Paginated generic resources

PaginatedListAPI and PaginatedListCreateAPI are versions of respecrively ListAPI and ListAPI classes that supply with simple pagination build with following parameters:

  • page_size: size of a single response page
  • page: page count

They also will ‘meta’ section with following information on GET requests:

  • page_size
  • page
  • next - url query string for next page (only if meta['is_more'] exists and is True)
  • prev - url query string for previous page (None if first page)

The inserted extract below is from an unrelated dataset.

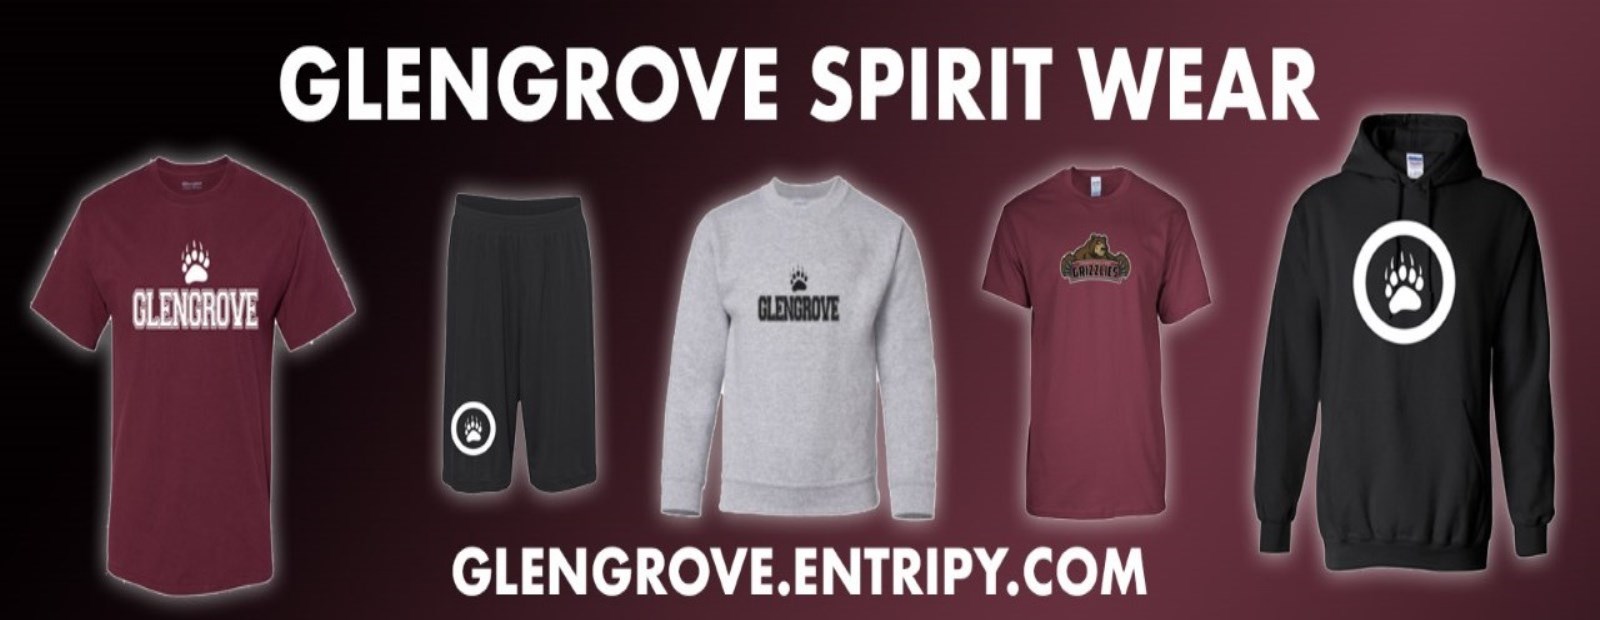 t-shirts and hoodies with Glengrove logo
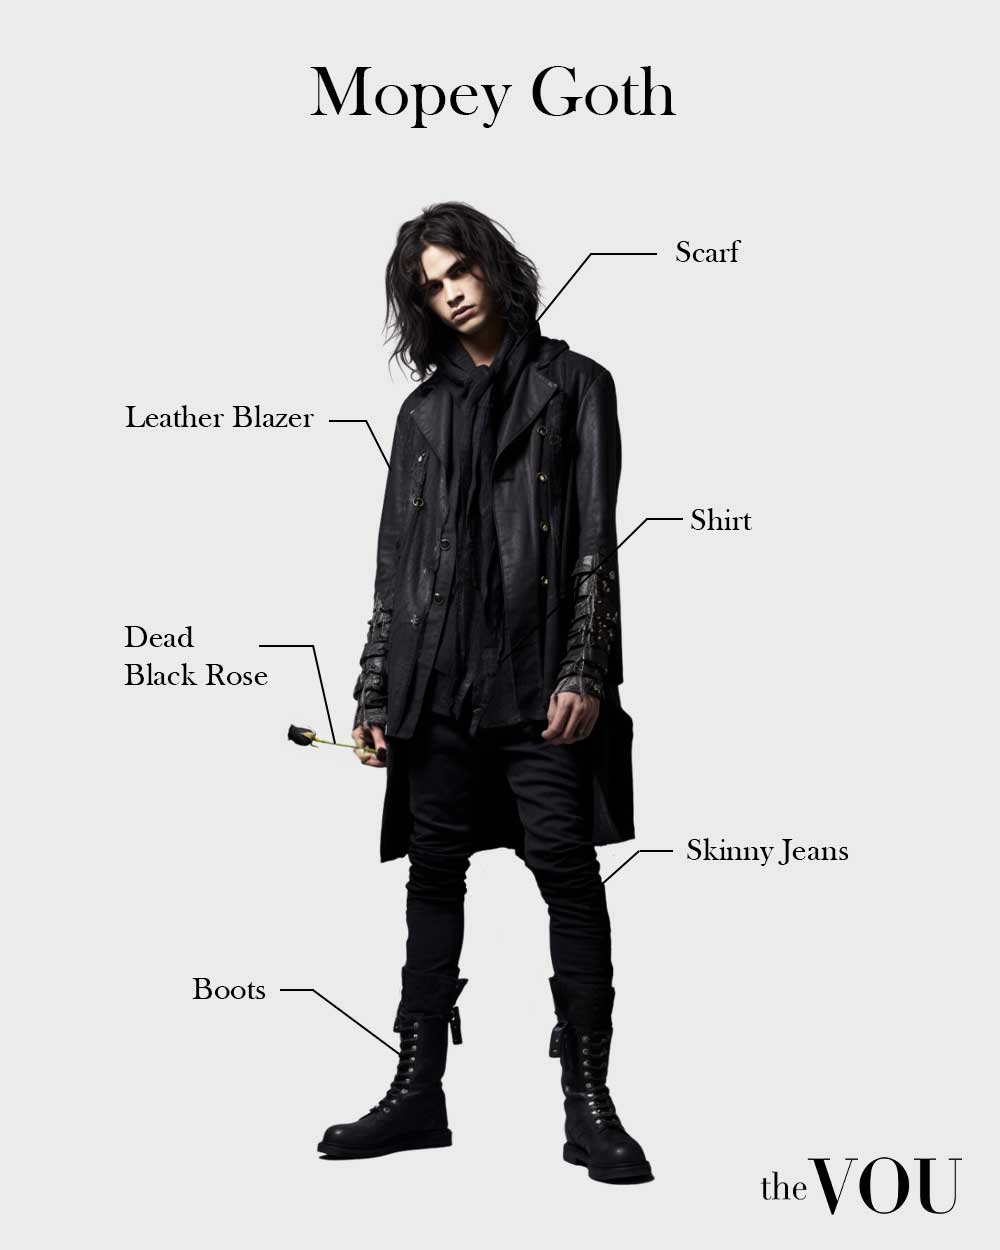 Mopey Goth outfit elements for man

Paginated variations of generic list resource do not assume anything about your resources so actual pagination must still be implemented inside of list() handlers. Anyway this class allows you to manage params and meta for pagination in consistent way across all of your resources if you only decide to use it:

db = SomeDBInterface()
api = application = falcon.API()

class FooPaginatedResource(PaginatedListAPI):
    serializer = RawSerializer()

    def list(self, params, meta, **kwargs):
        query = db.Foo.all(id=foo_id).offset(
            params['page'] * params['page_size']
        ).limit(
            params['page_size']
        )

        # use meta['has_more'] to find out if there are
        # any pages behind this one
        if db.Foo.count() > (params['page'] + 1) * params['page_size']:
            meta['has_more'] = True

        return query

api.add_route('foo/', FooPaginatedtResource())

Note

If you don’t like anything about this opinionated meta section that paginated generic resources provide, you can always override it with own add_pagination_meta(params, meta) method handler.

Generic resources without serialization

If you don’t like how serializers work there are also two very basic generic resources that does not rely on serializers: Resource and ListResource. They can be extended with mixins found in graceful.resources.mixins module and provide same method handlers like generic resources that utilize serializers (list(), retrieve(), update() etc.) but do not perform anything more beyond content-type level serialization.